Our pipeline comprises three main components: the VAE, LSTM, and PPO. The training process is as following:

  • We begin by training a basic PPO policy, while the VAE and LSTM components are initially set to random. This foundational policy allows the drone to navigate to the target in environments without obstacles.
  • This initial policy is utilized to gather a dataset, focused primarily on capturing a multitude of depth image sequences without the concern of collisions.
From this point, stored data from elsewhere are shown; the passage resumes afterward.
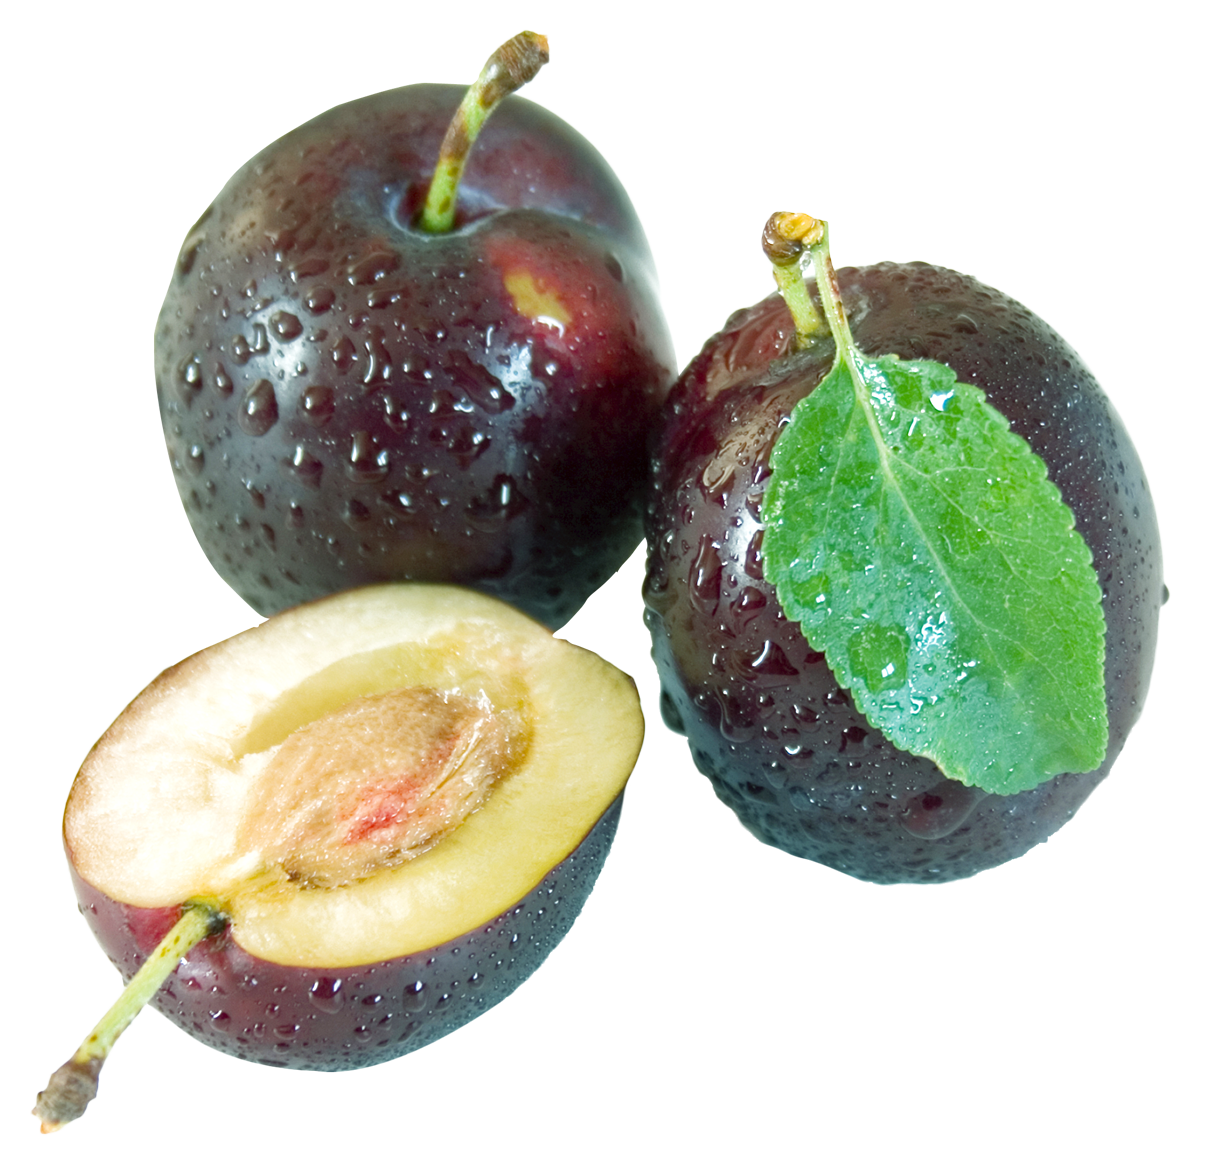 A Group Of Plums With A Leaf
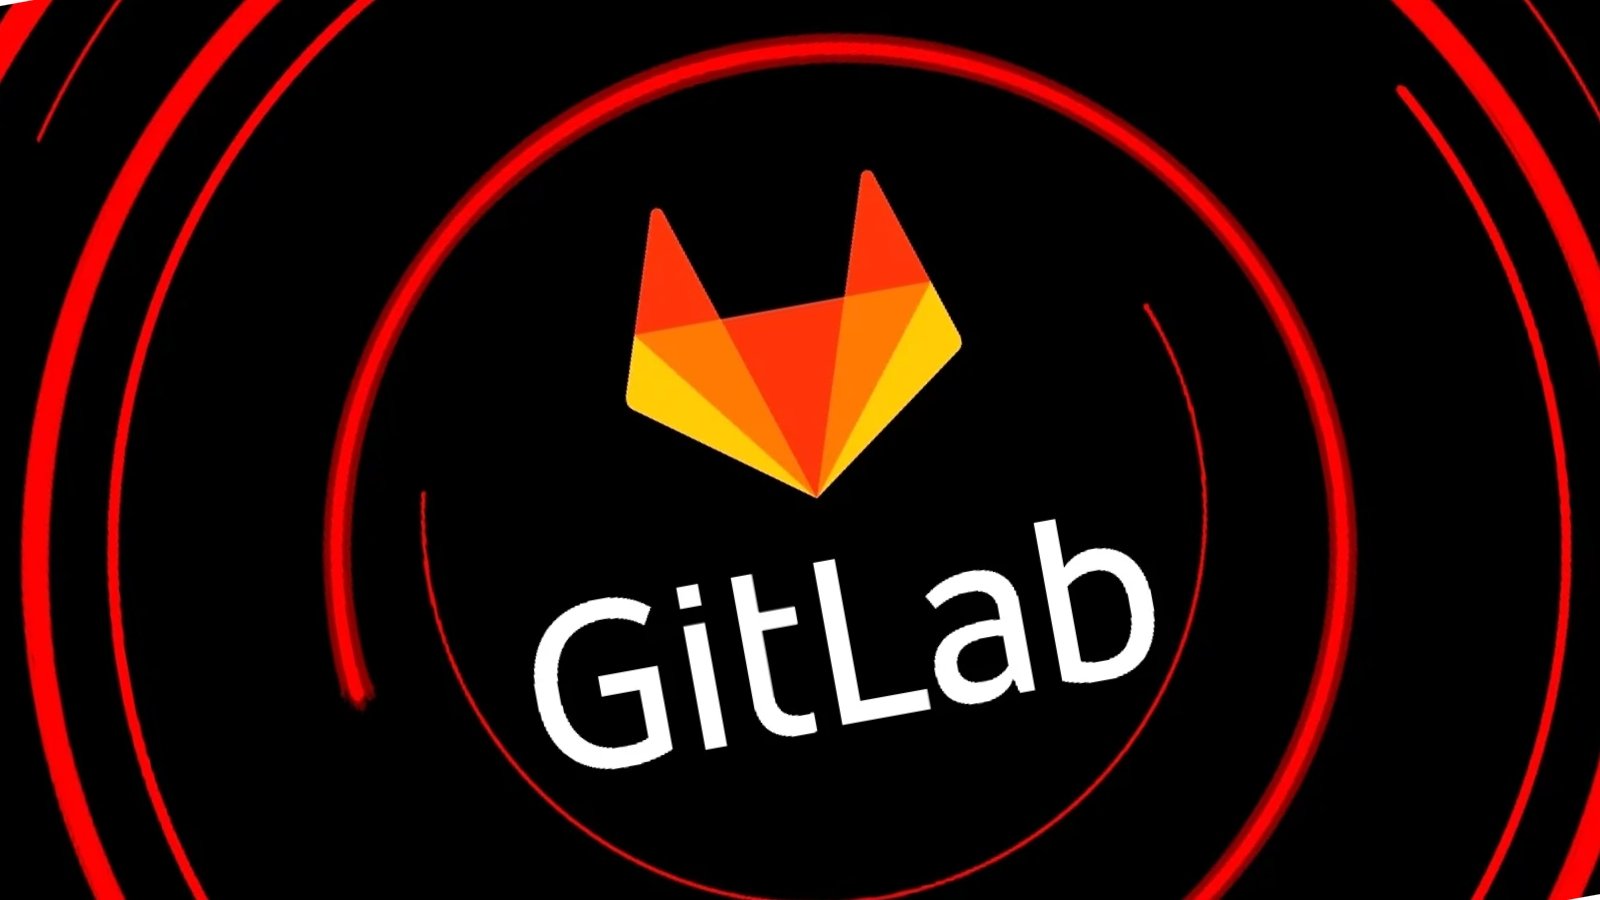 high-severity-gitlab-flaw-lets-attackers-take-over-accounts
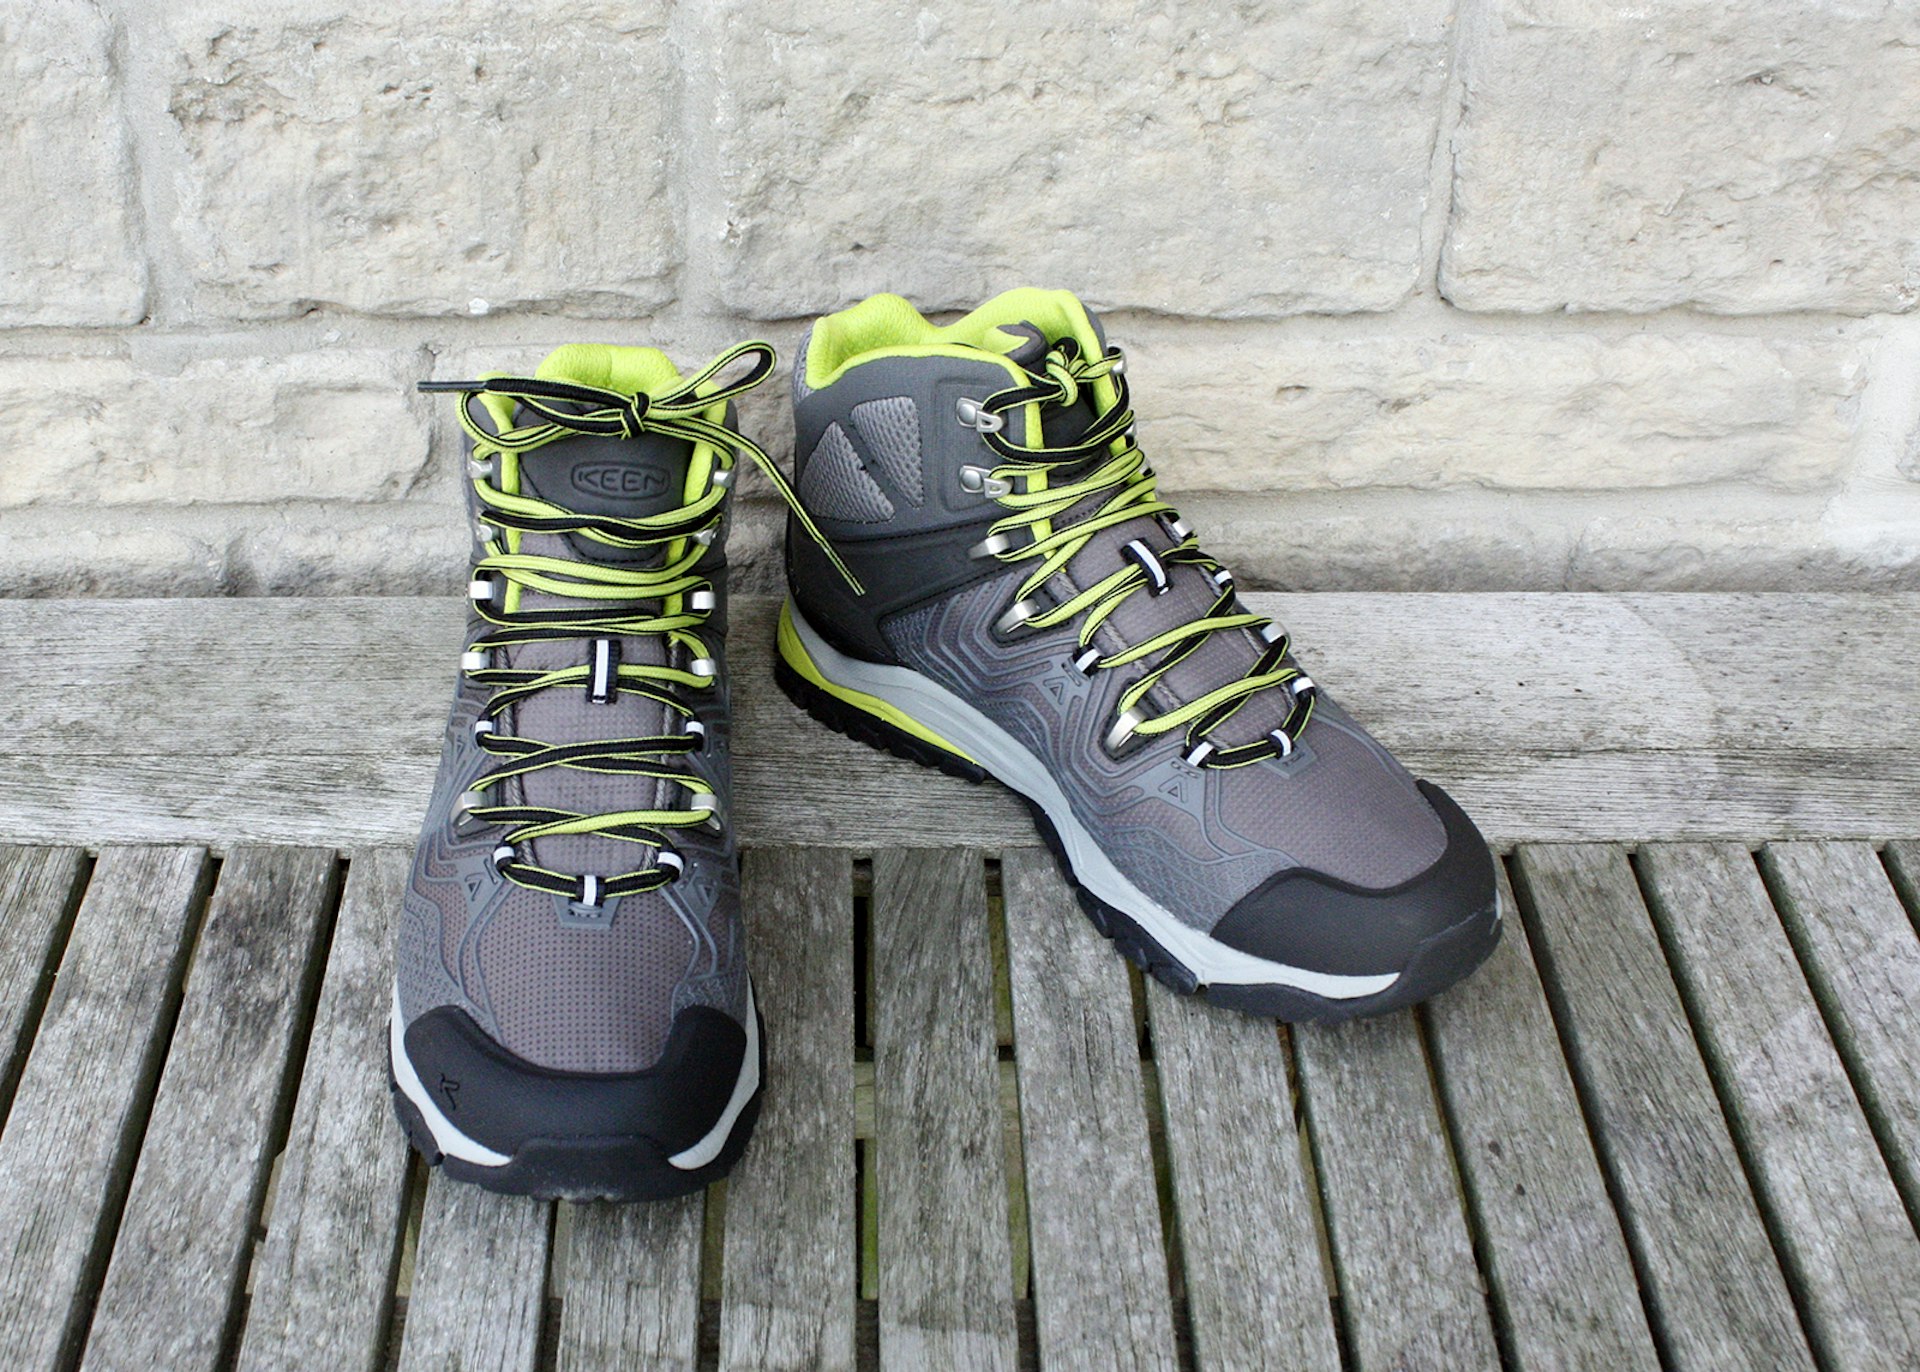 Keen Aphlex boots are great for hiking or travel in rugged locations © David Else / Lonely Planet
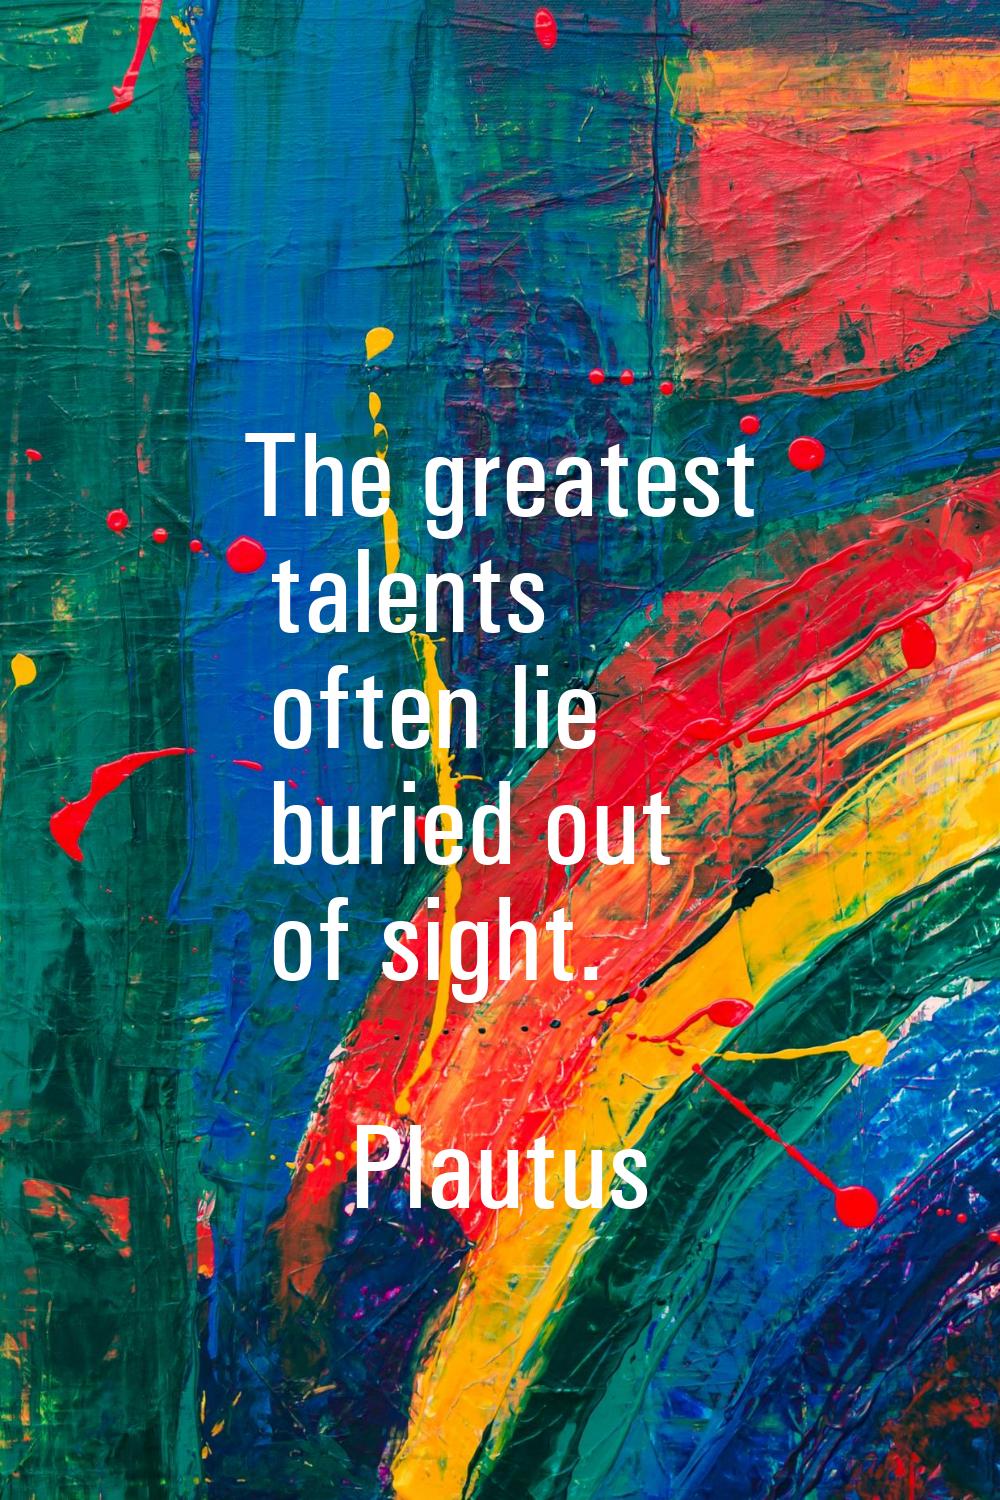 The greatest talents often lie buried out of sight.

Subsequently, we use this dataset for the training of the VAE, bypassing the LSTM phase in this step.
  • Once the VAE is trained, we maintain the encoder in a fixed state and proceed to train the LSTM using the dataset generated by the initial policy.
  • After training both the VAE and LSTM, we freeze them and retrain the PPO, adapting it to environments of varying complexity.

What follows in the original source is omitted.